GovConJudicata Weekly Debrief (1/23–27)
This week's Weekly Debrief covers NASA's plans for ISS seat barters, NASA and DARPA partner for nuclear propulsion, defense contractor risks as spending increases, GAO says DoD lacks guidance in contested information environments, spy sentenced to prison, and FBI seizes Hive ransomware group infrastructure.
Space
"As NASA prepares to launch another commercial crew mission with a Russian cosmonaut on board, the agency says it has yet to work out an agreement with Roscosmos on future crew swaps. At a Jan. 25 briefing, agency officials said they are moving ahead with plans to launch the Crew-6 Crew Dragon mission to the International Space Station on Feb. 26 at 2:07 a.m. Eastern. The spacecraft will deliver to the station NASA astronauts Stephen Bowen and Woody Hoburg, Emirati astronaut Sultan Alneyadi and Roscosmos cosmonaut Andrey Fedyaev."

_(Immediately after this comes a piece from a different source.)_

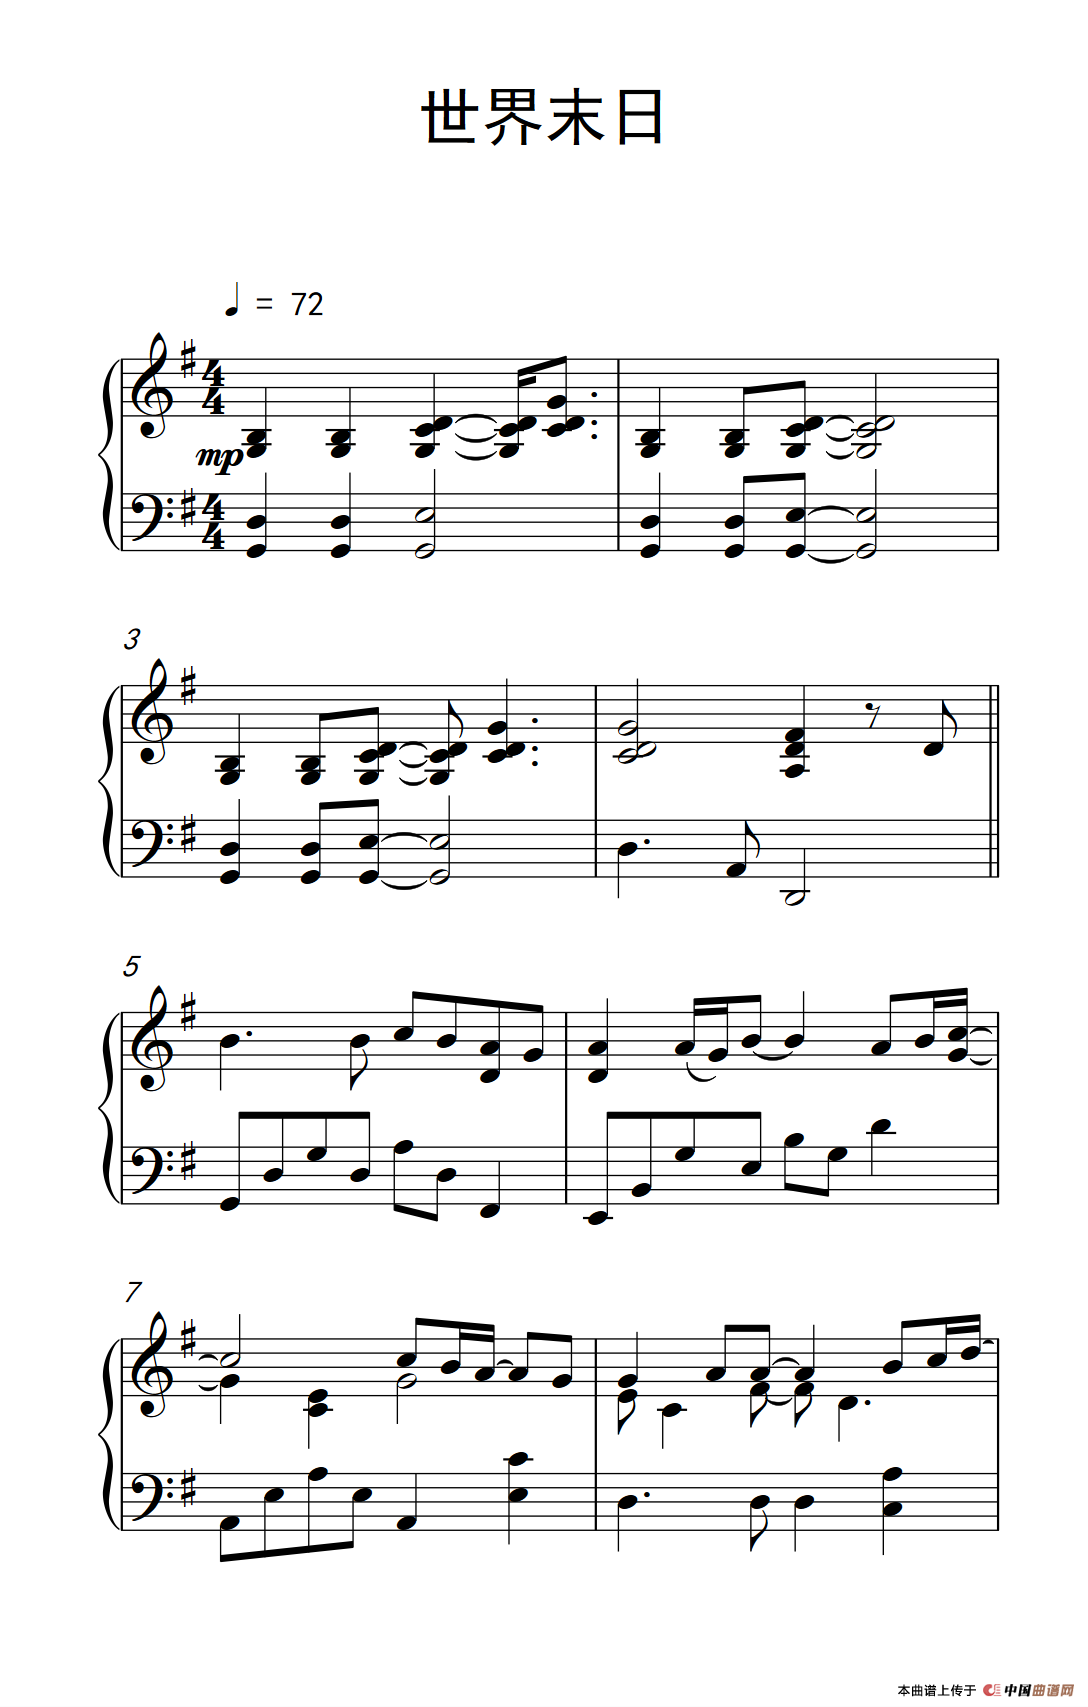 《世界末日》简单钢琴谱 - 周杰伦左手右手慢速版 - 简易入门版 - 钢琴简谱

"After a 50-year hiatus, the US is planning to test a nuclear fission-powered thermal propulsion system on a spacecraft. NASA said this week that it would team up with DARPA, the Pentagon’s R&D arm, to build, launch, and demonstrate a nuclear thermal engine. This early work is intended to pave the way for a crewed mission to Mars in the late 2030s. The joint project has a $110M budget this year and will likely cost hundreds of millions more through deployment, planned for 2027."
Defense
"Ongoing geopolitical developments such as Russia’s war in Ukraine and tensions between China and Taiwan have continued to fuel higher US military spending. The demand for military weapons is the strongest it has been in years, with historic investments by US allies and partners, and record US national defense funding that jumped by $76 billion to $858 billion for fiscal year 2023. This includes $816.7 billion specifically for the Pentagon."
"The Department of Defense lacks clear guidance on various training efforts to prepare leaders for an increasingly contested information environment, according to a new Government Accountability Office report."
Cyber
"A federal court sentenced a Chinese national living in the United States on Wednesday to eight years in prison on a single count of acting as a secret agent for the People's Republic of China. Ji Chaoqun, a 31-year-old Chicago resident who was enlisted in the U.S. Army Reserves, was recruited by a senior PRC intelligence officer named Xu Yanjun while still a student. Xu himself was prosecuted and sentenced to 20 years in federal prison last November for his role in running a string of U.S.-based agents with connections to the aerospace industry. "
"After seven months spent lurking inside a notorious ransomware group’s networks, swiping decryption keys for its victims, the FBI and international partners seized infrastructure behind Hive ransomware attacks."